Personal information
- Born: 2 May 1943 (age 83) Munich, Bavaria

Figure skating career
- Country: Germany
- Skating club: Munich ERC
- Retired: 1964

Medal record
Men's figure skating
Representing Germany
Olympic Games
| Gold medal – first place | 1964 Innsbruck | Singles |
Representing West Germany
World Championships
| Gold medal – first place | 1964 Dortmund | Singles |
| Bronze medal – third place | 1963 Cortina d'Ampezzo | Singles |
European Championships
| Silver medal – second place | 1964 Grenoble | Singles |
| Silver medal – second place | 1963 Budapest | Singles |
| Bronze medal – third place | 1962 Geneva | Singles |
| Bronze medal – third place | 1961 Berlin | Singles |
| Bronze medal – third place | 1960 Garmisch-Partenkirchen | Singles |

= Manfred Schnelldorfer =

German figure skater

Manfred Schnelldorfer (born 2 May 1943) is a German former figure skater. He is the 1964 Olympic champion, the 1964 World champion, and an eight-time German national champion.

== Personal life ==
Manfred Schnelldorfer was born on 2 May 1943 in Munich, Bavaria, the son of two figure skating coaches. His father had skated in an ice revue but saw its milieu as a harmful influence.

Manfred Schnelldorfer studied architecture at TH-München but put his studies on hold for financial reasons. A resident of Munich, he is married and has two children.

== Career ==
=== Competitive ===
Schnelldorfer won his first competition at age eight. He was coached by his parents and skated for the Munich ERC club. Internationally, he represented the Federal Republic of Germany (West Germany).

Schnelldorfer finished second behind Hans-Jürgen Bäumler at the German Junior Championships. The following year, he won the German senior title while Bäumler finished fourth.

At age 20, he won the gold medal at the 1964 Winter Olympics in Innsbruck, became one of the youngest male figure skating Olympic champions. His victory was a surprise. The favorite was Alain Calmat of France, who won the Europeans between 1962 and 1964 and was silver medalist at the 1963 Worlds.

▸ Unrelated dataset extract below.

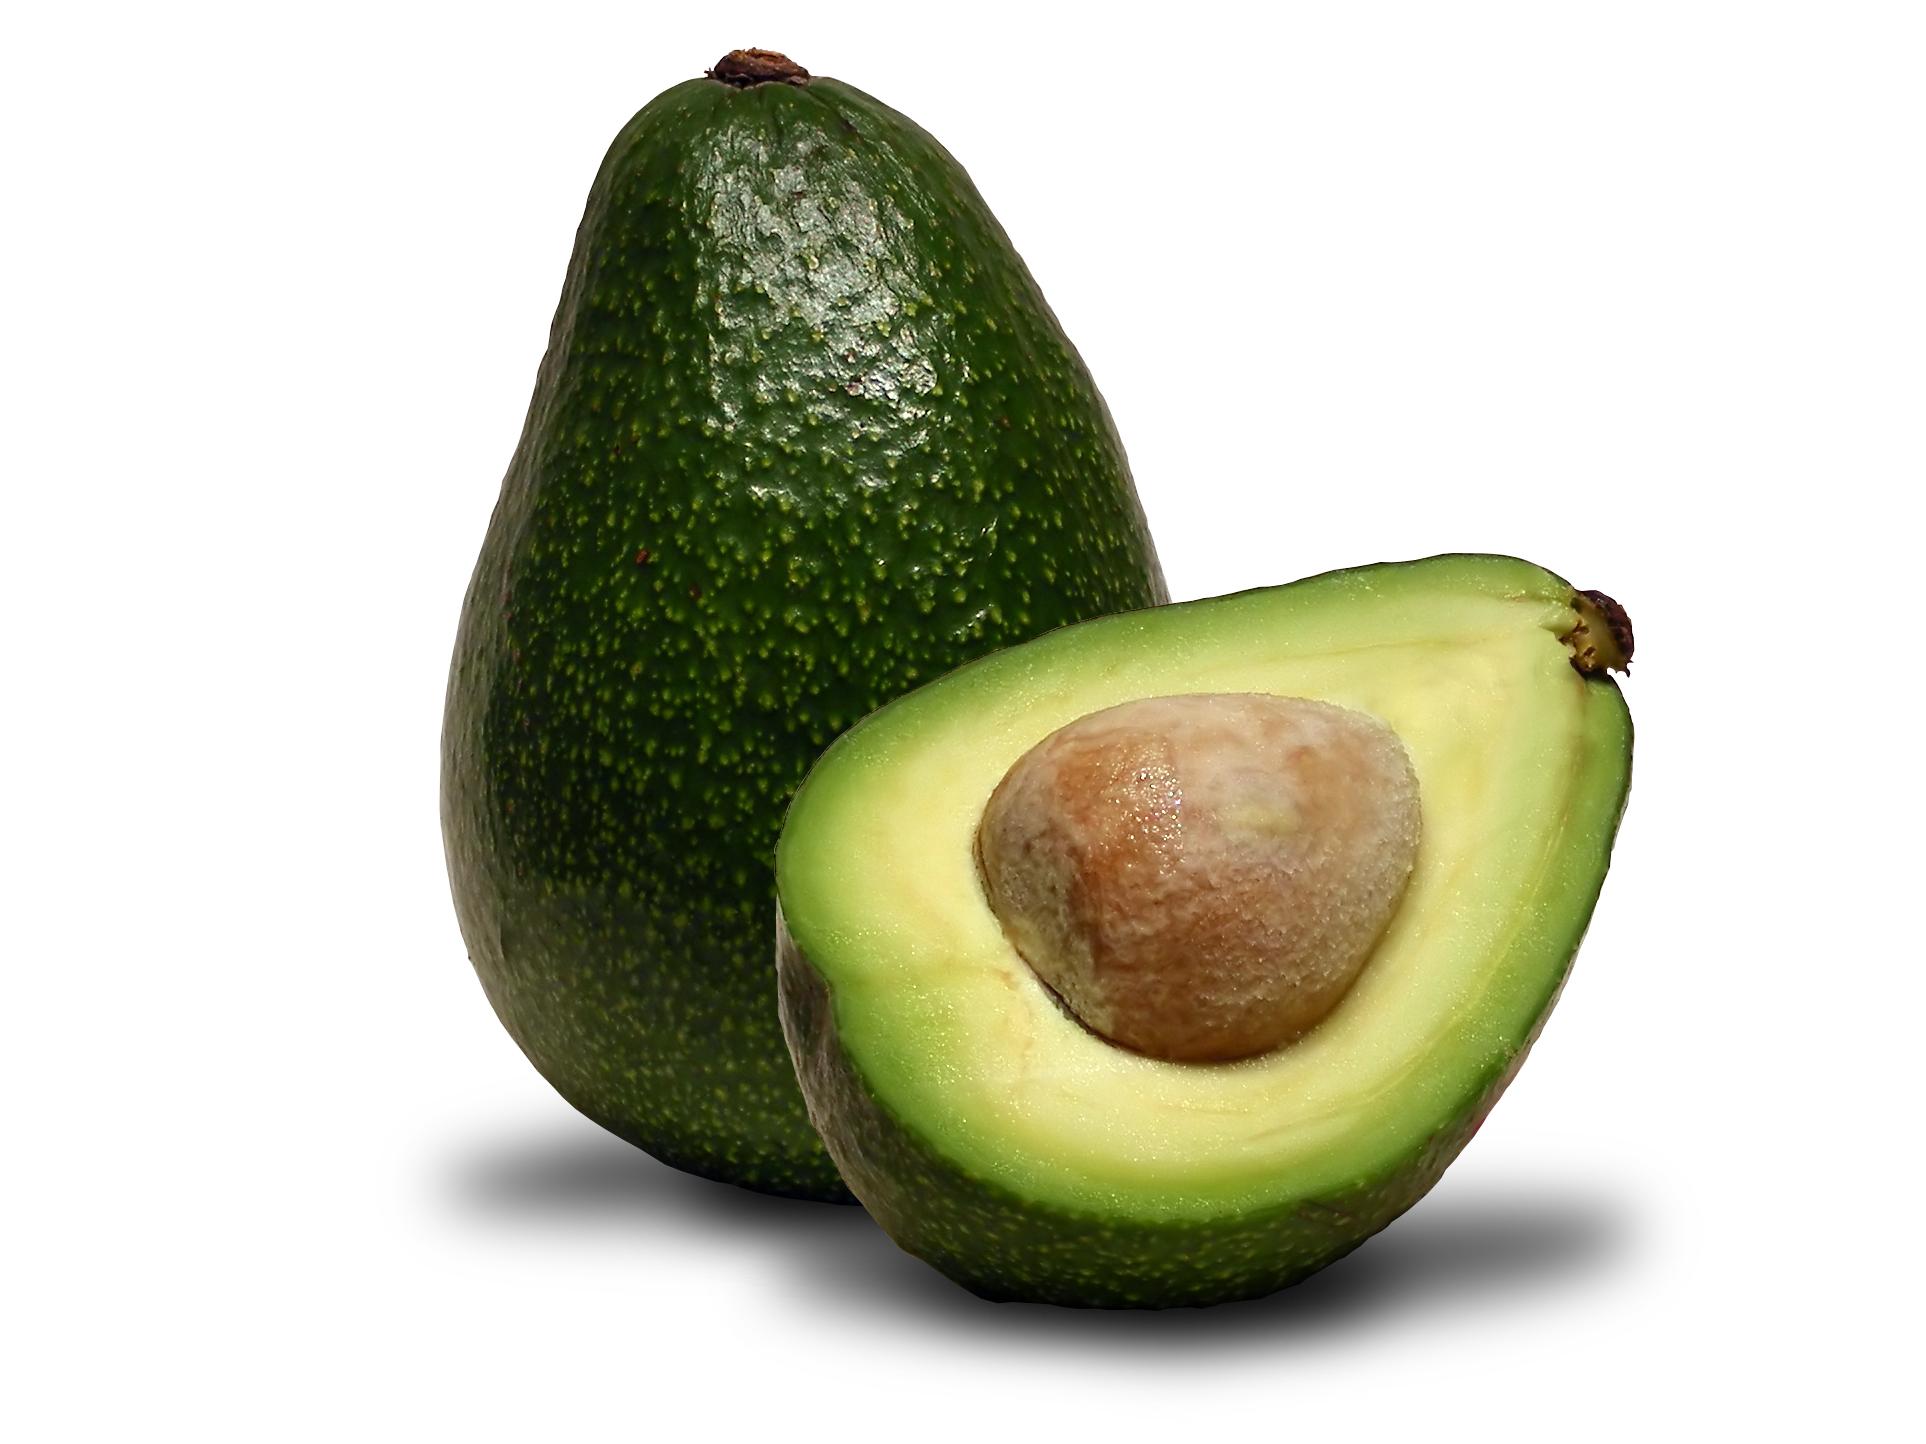 กลิ่นอะโวคาโด( Avocado Flavor )

In all, Schnelldorfer was an eight-time German champion, one-time World champion (1964), three-time bronze and two-time silver medalist at the Europeans.

=== Post-competitive ===
After his Olympic win, the Ice Capades offered Schnelldorfer a $1.5 million three-year contract but he declined because of a promise to his parents. For two years beginning in 1967, he served as the sports director, officially "national coach", of the Deutsche Eislauf Union. After his parents gave their approval, he performed with the Deutsche Eistheater from 1969 to 1973.

Schnelldorfer was also a pop singer (German: Schlagersänger) and actor before becoming a coach and sport teacher. He was the first West German national coach for figure skating between 1974 and 1981.

Schnelldorfer owns some sport shops.

===Songs===
- Wenn du mal allein bist (When you are once alone)
- Deine schönen blauen Augen (Your beautiful blue eyes)
- Mizzie

===Films===
- Holiday in St. Tropez (1964)
- Ich kauf' mir lieber einen Tirolerhut (1965) (I prefer to buy a Tiroler hat)
- Tausend Takte Übermut (1965) (Thousand takts high spirits)
- Spukschloß im Salzkammergut (1966)
- Komm mit zur blauen Adria (1966) (Come to the Blue Adriatic)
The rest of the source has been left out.